[[ Supplied data, beginning ]]

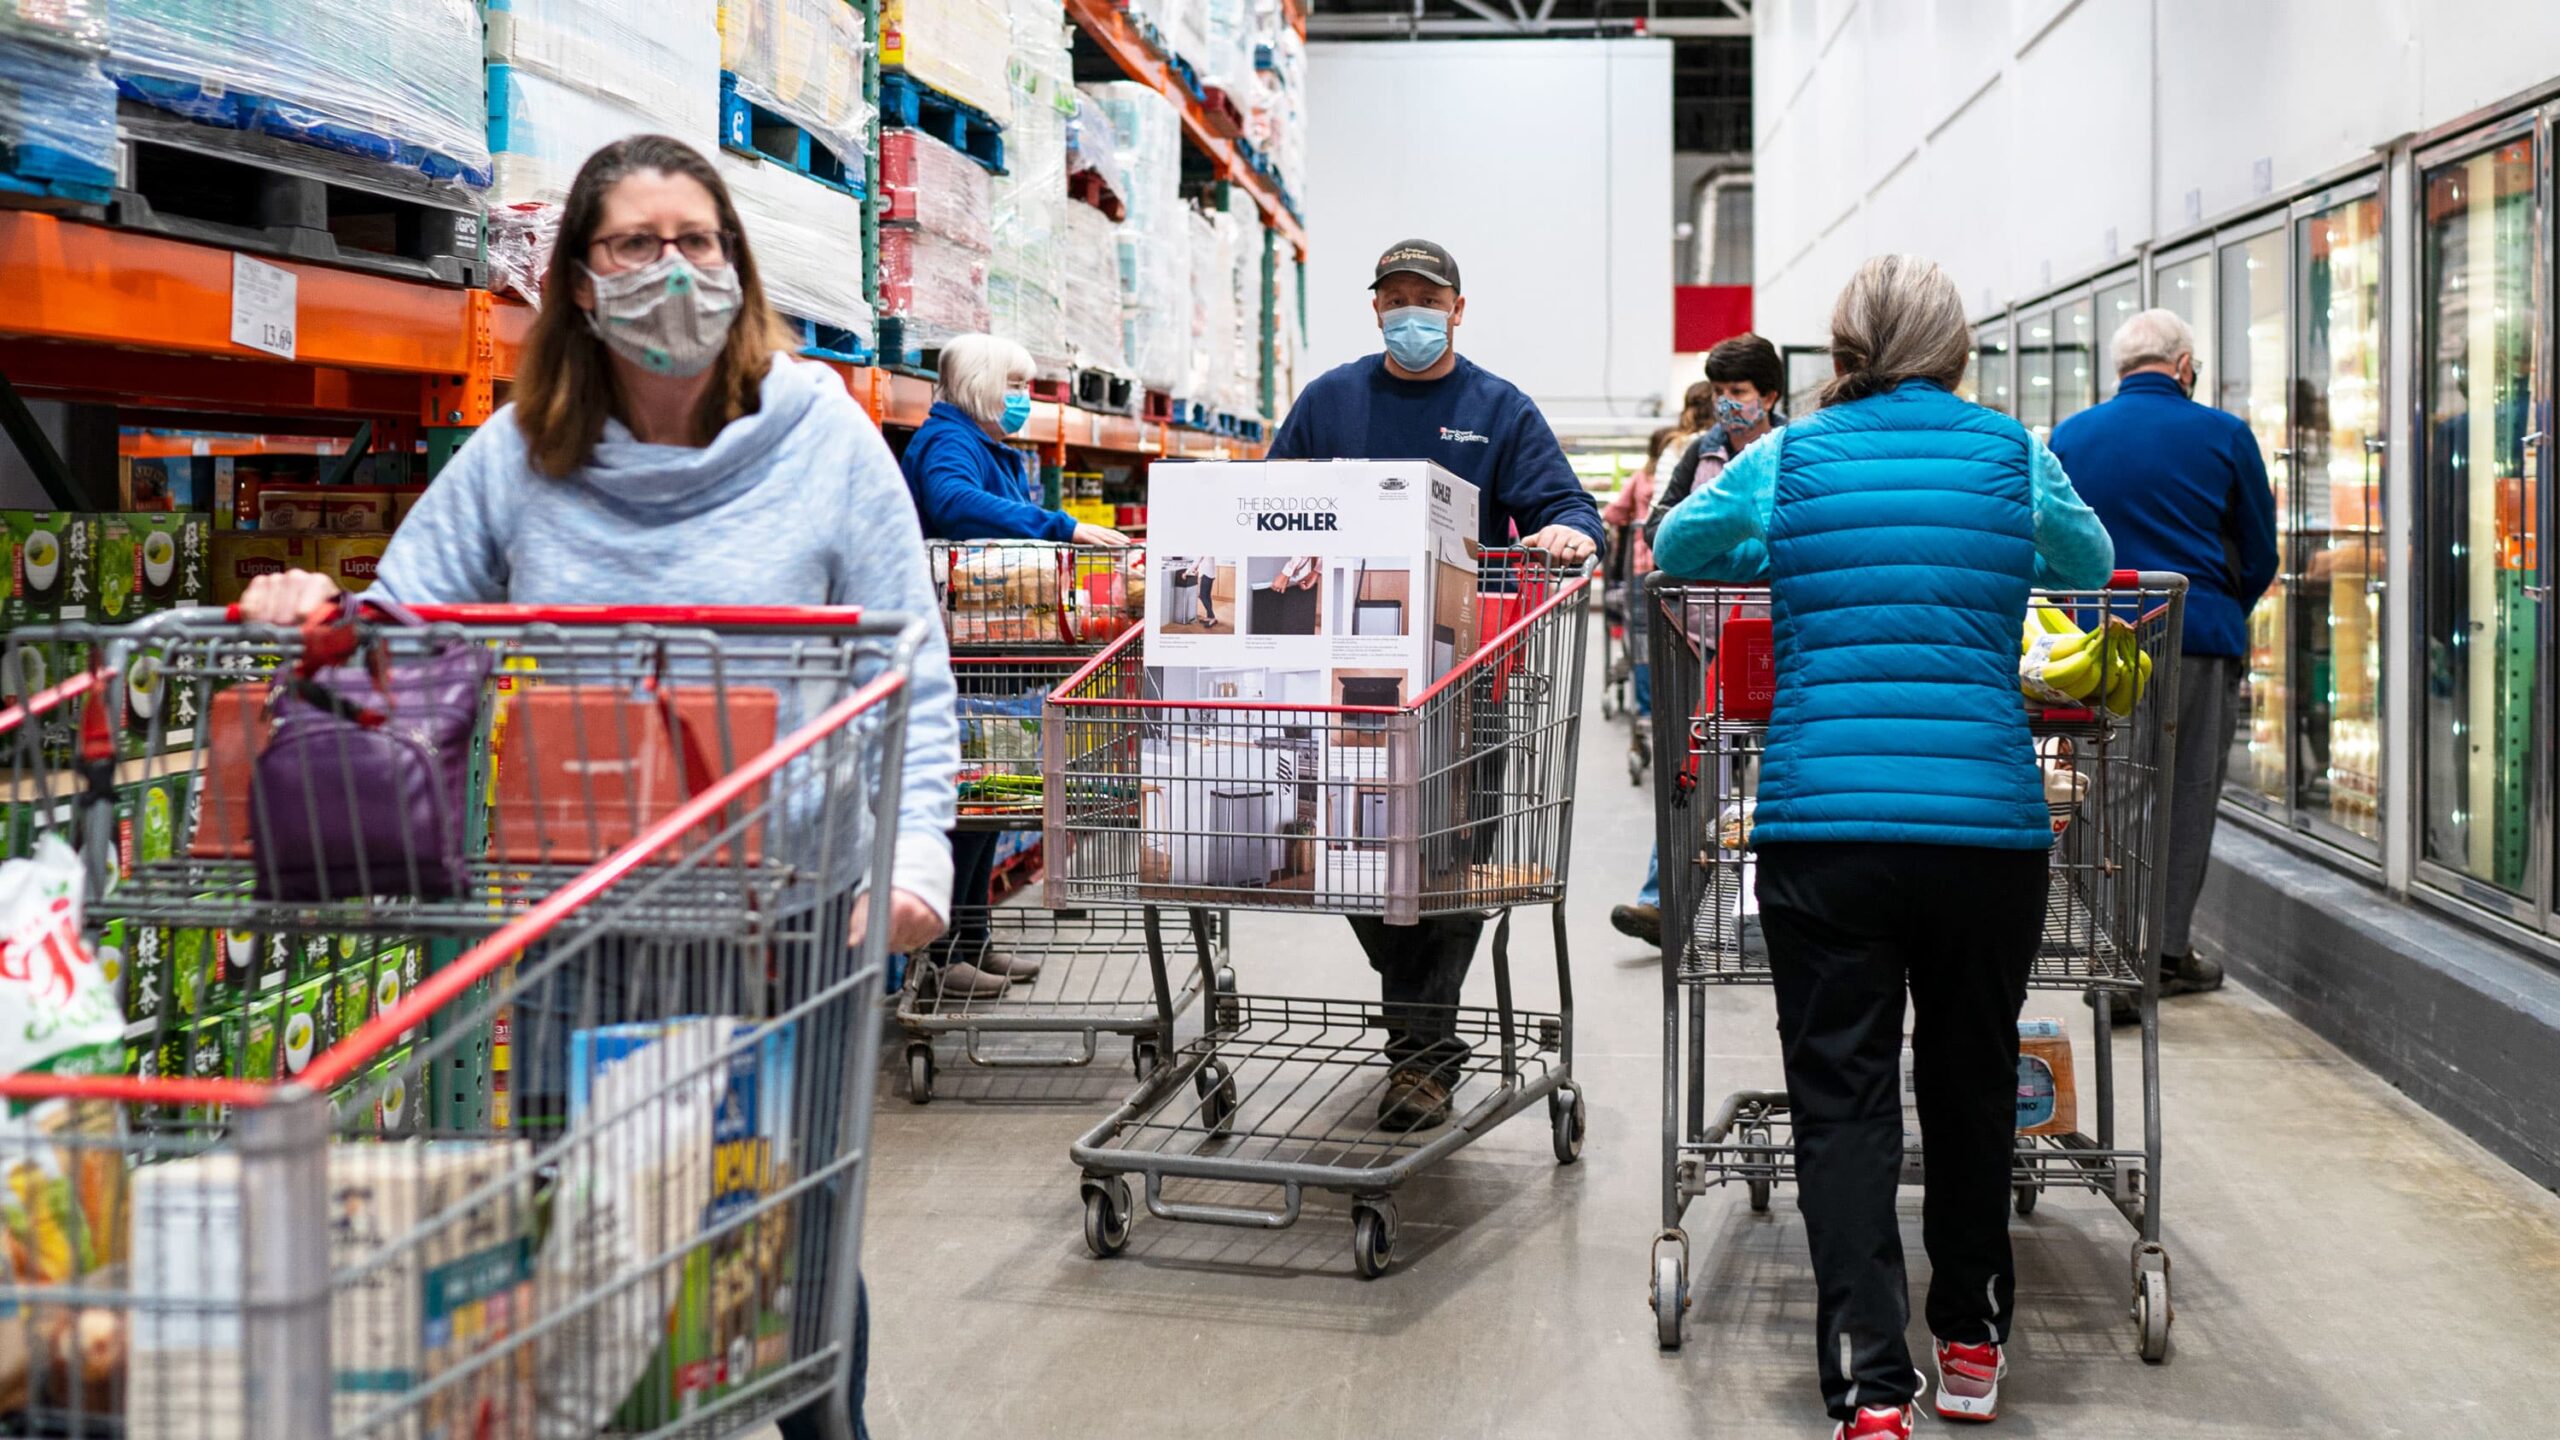 Costco, Nike can best weather supply chain disruptions, traders say
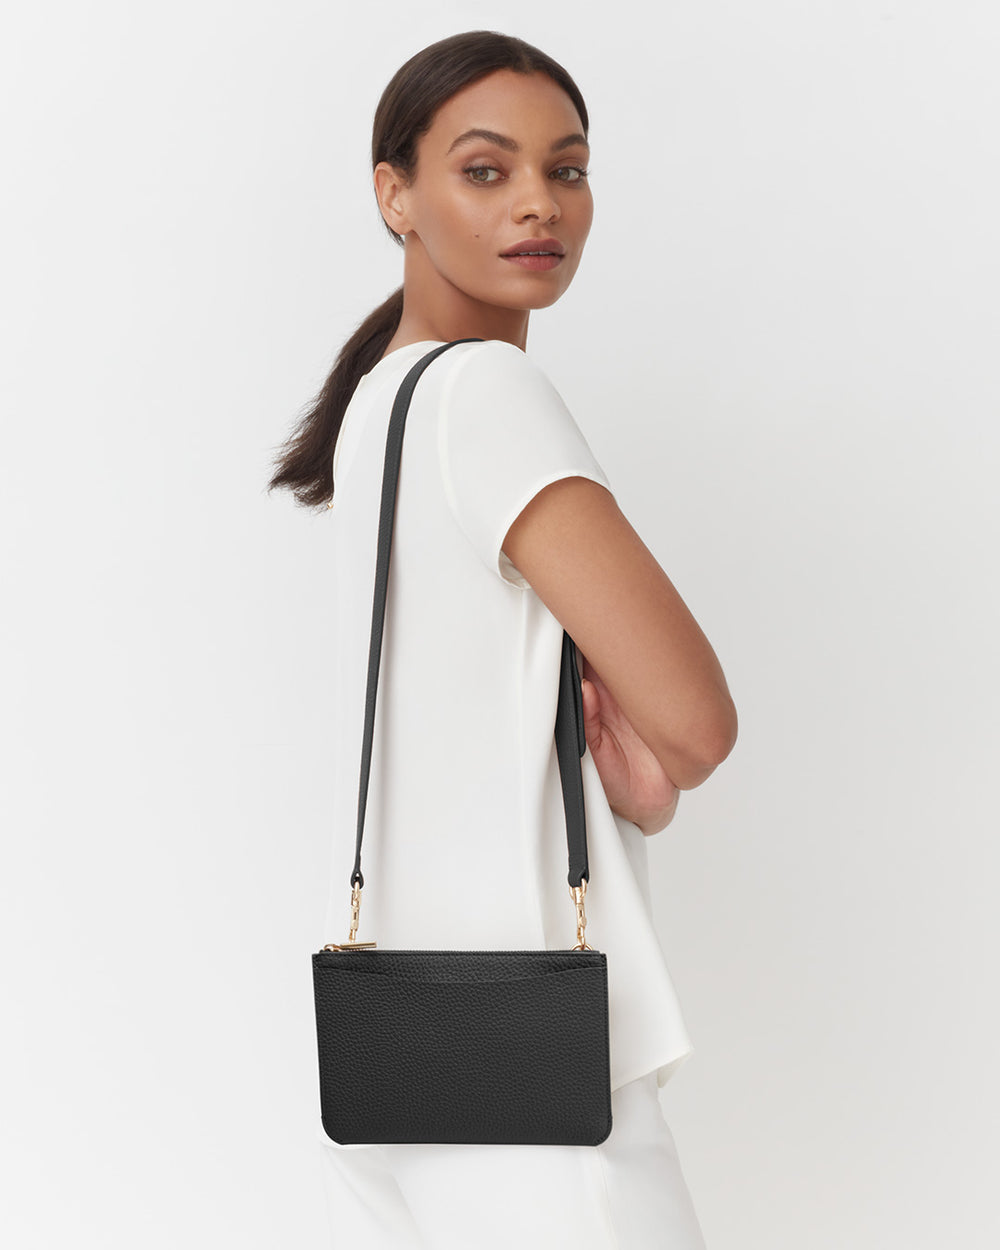 Woman looking over shoulder with purse on strap.
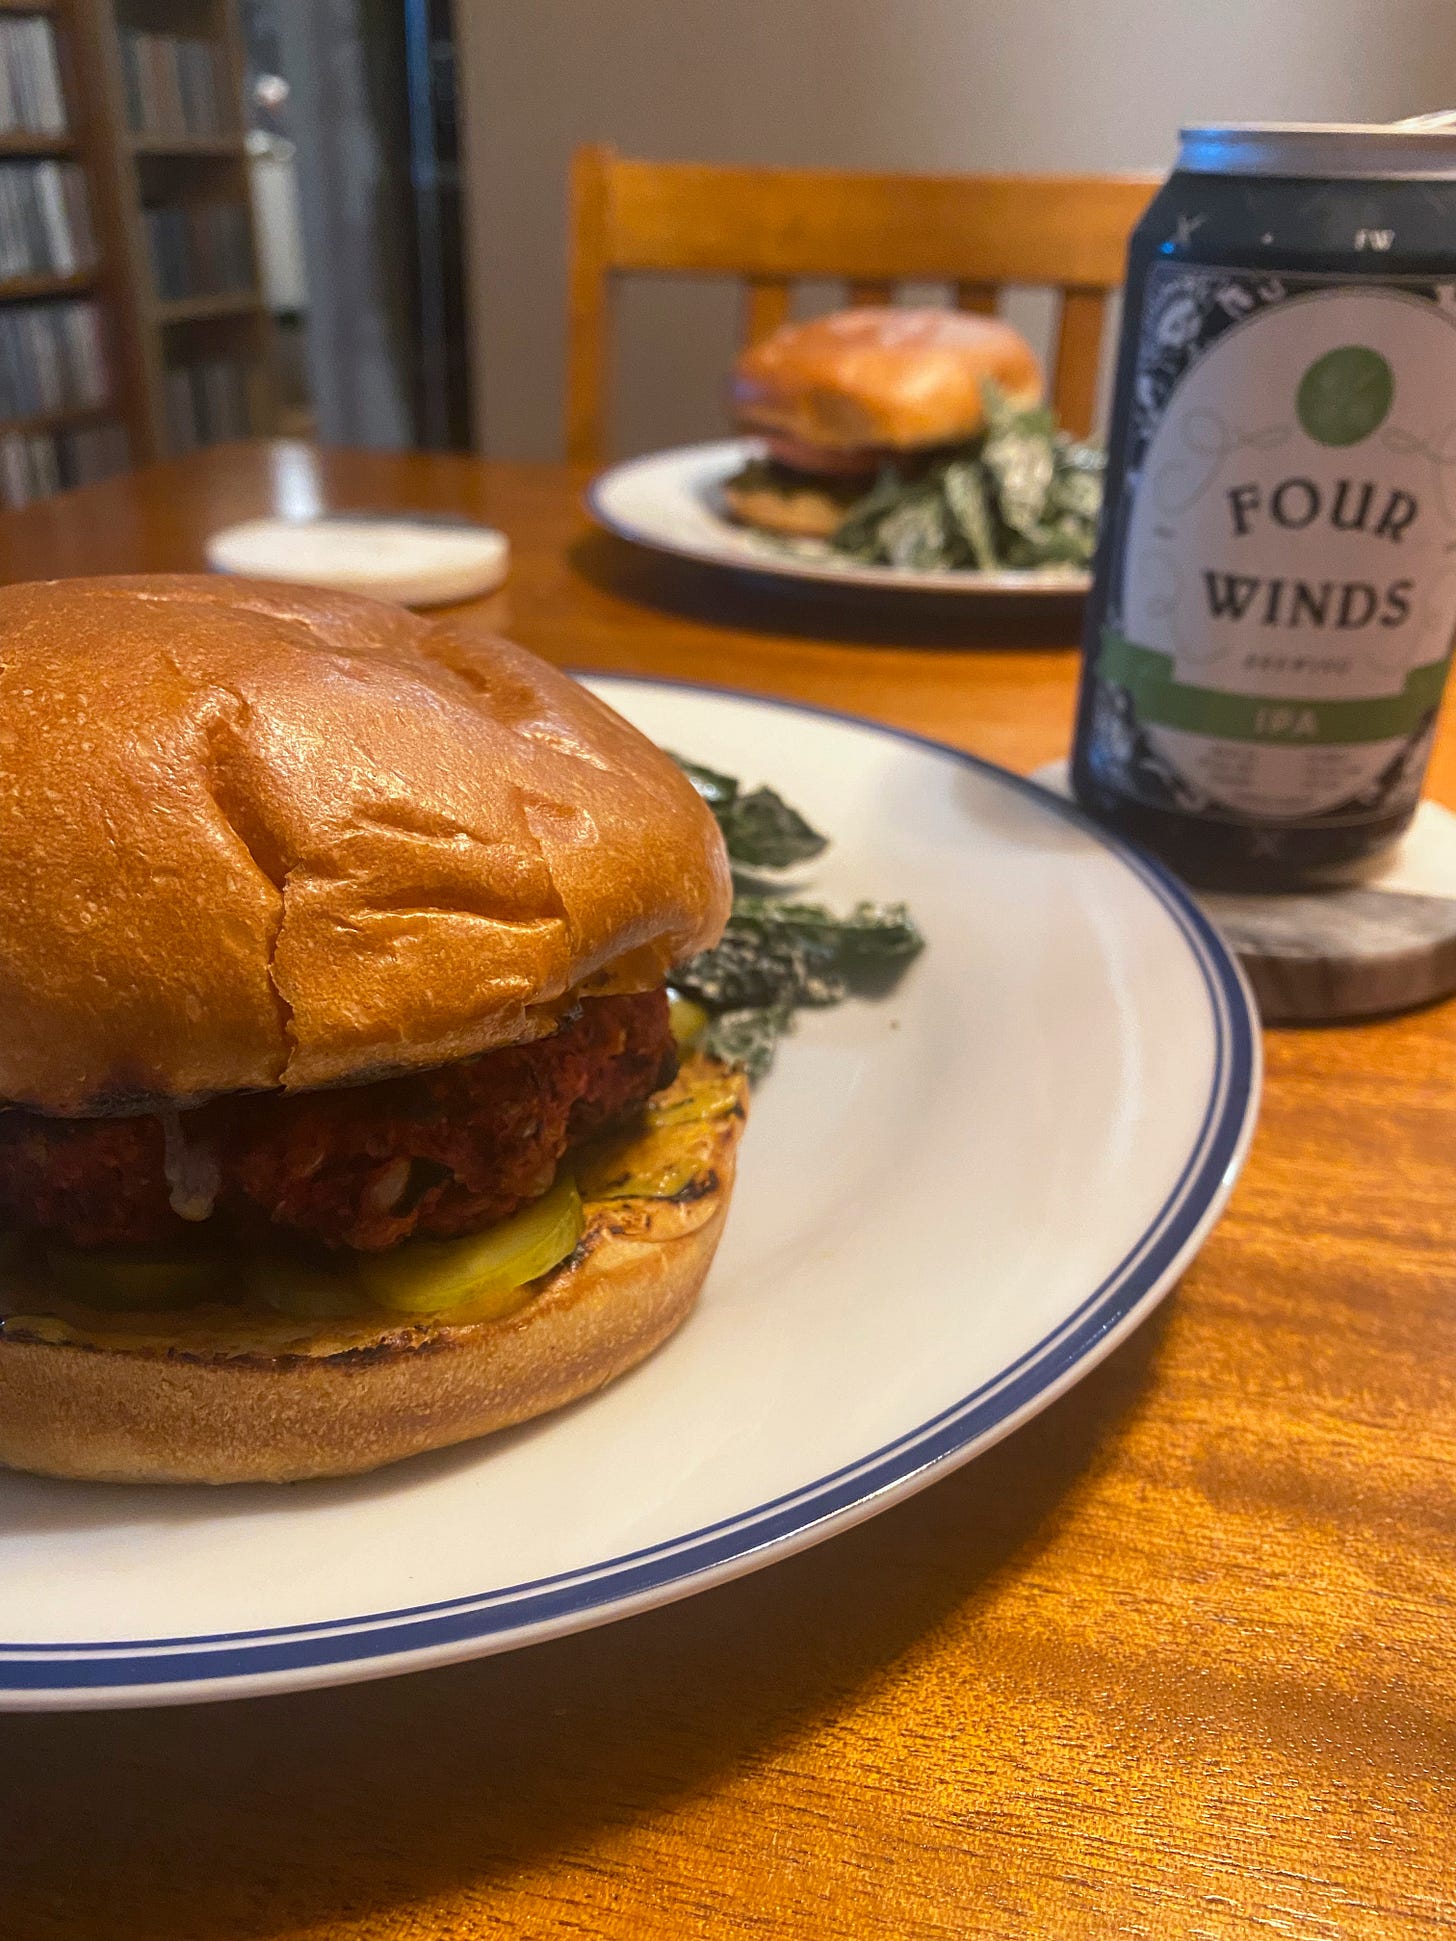 A veggie burger on a brioche bun sits on a white plate. Another plate with a burger and salad on it is in the background, and on a coaster next to the first plate is a can of Four Winds IPA.

[[ Supplied data, end ]]

Assignment: With pictures left out, transcribe each line from the one containing "Woman looking over" through the end of the data, both ends included.

Task result:
 Woman looking over shoulder with purse on strap.
 A veggie burger on a brioche bun sits on a white plate. Another plate with a burger and salad on it is in the background, and on a coaster next to the first plate is a can of Four Winds IPA.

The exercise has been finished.